LogFormat "%D" resptime
CustomLog logs/resptime_log resptime

If you have multiple virtual hosts with per-vhost logging (ie. you have a CustomLog inside each virtual host), you will have to add this directive to each virtual host that you want to collect samples from. You can have multiple virtual hosts log to the same file, just beware that you may run into file descriptor limits depending on the number of virtual hosts and your OS. When we tried to add this directive to >500 virtual servers we hit this limit and got an “Unable to open log files” error and Apache refused to start. We solved the issue by sampling a selection of virtual hosts (~200) instead of all of them.

The next step is to get these values into a usable average that you can graph. Since we already use Cacti for graphing things like CPU, load average and network throughput, we decided to try to graph this value the same way. Cacti collects its statistics via SNMP using the net-snmp package on CentOS. This package can be extended to collect additional information, see Extending Net-SNMP on docs.redhat.com

I wrote a small Perl script to average the values in the response time log and clobber the file when done, as the data is of little interest once it has been averaged and logged. I saved the script as /usr/local/bin/avgresptime.pl


#!/usr/bin/perl

# Path to the log
my $log = “/etc/httpd/logs/resptime_log”;

# Open the log file
open(LOGFILE, $log) or die “Could not open log file: $!\n”;

# How many lines in the log? (= number of requests)
my $lines = `wc -l $log | cut -d ” ” -f 1`;
chomp($lines);

# Define $total and $avg here
my $total = 0;
my $avg = 0;

# Add up the total number of microseconds:
while() {
$total += $_;
}

# Calculate the average
$avg = int (($total / $lines) + .5);

# Print (debug)
### human-readable output:
#print sprintf(“Log file has %d lines with an average response time of %d \n”, $lines, $avg);
### lines + avg
#print sprintf(“%d %d”, $lines, $avg);
### only avg resp time:
#print sprintf(“%d”, $avg);

# Close log file
close(LOGFILE);

# Clobber the file
open(LOGFILE, “>”, $log) or die “Could not clobber log file: $! \n”;
close(LOGFILE);

# convert from microseconds to hundredths of seconds and round to nearest integer
my $out = int (($avg / 10000) + .5);

# the reason for this is:
# “Integer exit codes are limited to a range of 0-255. For values that are likely to exceed 256, either use the standard output of the script (which will be typed as a string) or a different method of extending the agent.”
# source: http://docs.redhat.com/docs/en-US/Red_Hat_Enterprise_Linux/6/html/Deployment_Guide/sect-System_Monitoring_Tools-Net-SNMP-Extending.html
#
# using an exit code is by far the simplest way to graph this data. 255 hundredths of a second = 2.55 seconds.
# hopefully no web server takes more than 2.55 seconds on average to process requests.
# after 12 hours graphing, our average on a busy web server is 19, max 136.
if( $out < 255) { exit $out; } else { exit 255; }

I then added a line to my /etc/snmp/snmpd.conf :

extend httpd_avg_exec_time /usr/local/bin/avgresptime.pl

I then spent a frustrating hour or so trying to figure out how to address the OID to get the value out of SNMP. Turned it to be:

# snmpwalk -v 1 -c -On .1.3.6.1.4.1.8072.1.3.2.3.1.4

Which returned:

.1.3.6.1.4.1.8072.1.3.2.3.1.4.19.104.116.116.112.100.95.97.118.103.95.101.120.101.99.95.116.105.109.101 = INTEGER: 14

That big long string is the OID you want Cacti to graph.

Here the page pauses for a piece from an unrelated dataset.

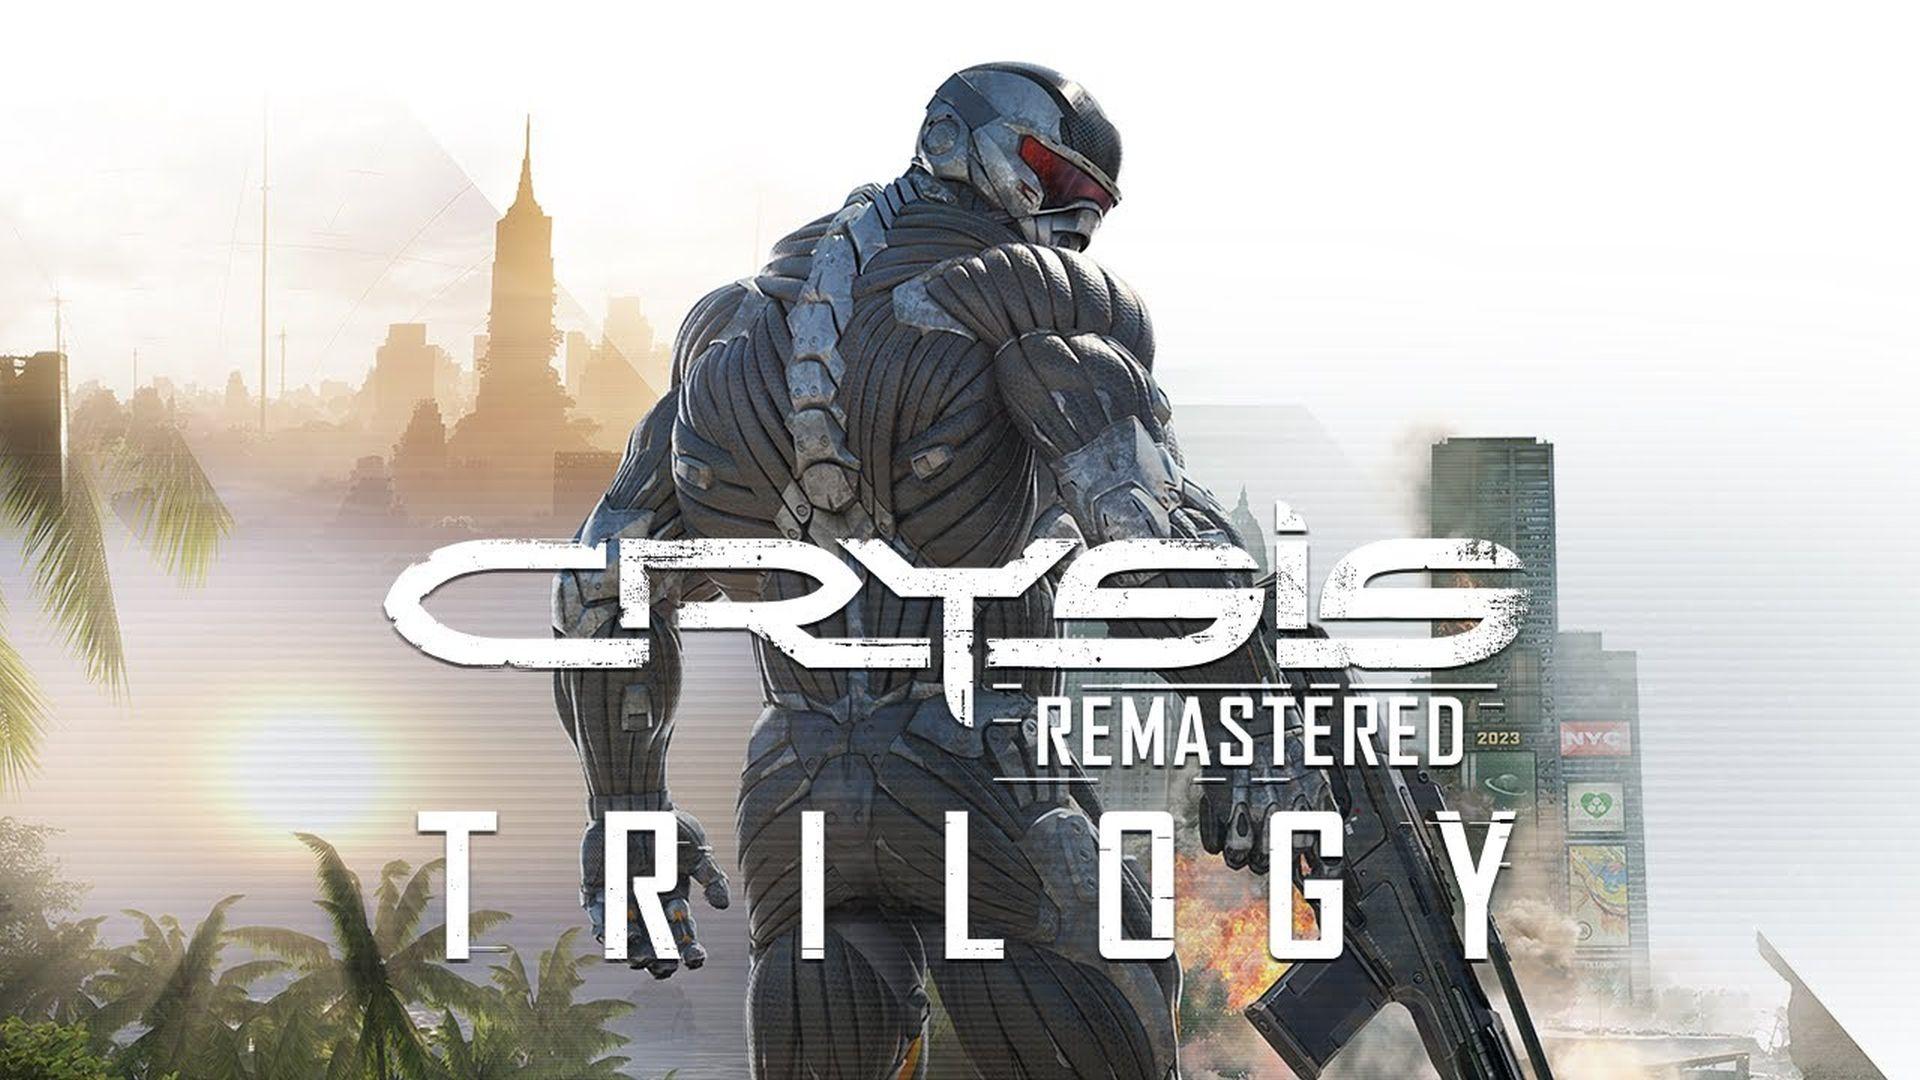 Crysis Remastered Trilogy 392021 1

To do that, go to your device (assuming you already have it set up in Cacti) and under “Associated Graph Templates” add “SNMP – Generic OID Template”. I gave mine a nice descriptive title and for the vertical axis, put “hundredths of a second” as the label. You then have to go to the Data Source and enter the OID. You’ll also want to set “Maximum Value” to 255 (being the maximum value an exit code can return) and set the data source type to Gauge.

Let it churn for a couple of polls (10-15 minutes) and you should start to see data!

Here’s what our graph looks like after running overnight:

average httpd request processing time

Now we wait. Once we’ve got a good week or two of sample data, we’ll migrate this virtual machine to our NAS storage and see what impact that has on request processing time.

Construction of a NAS

February 24, 2012 under Main

Over at Anu we’ve got a whole lot of machines running Xen virtual machines. We’ve been running the same hardware and software setup for about 5 years with only a few minor updates here and there along the way. It has served us well, but we are starting to run into limitations of our storage setup.

Our existing setup makes use of hardware RAID controllers in each server, with 2 SATA drives in a RAID-1 mirror configuration. The setup is cost effective, fault tolerant and by offloading I/O to the RAID controller the performance achieved is more than adequate for most workloads.

The first problems came when a customer started hitting I/O bottlenecks on his MySQL server. The solution we came up with was to add a couple 15k RPM SAS drives and set up a 2nd RAID-1 mirror for storing the MySQL databases. This solved the performance problem.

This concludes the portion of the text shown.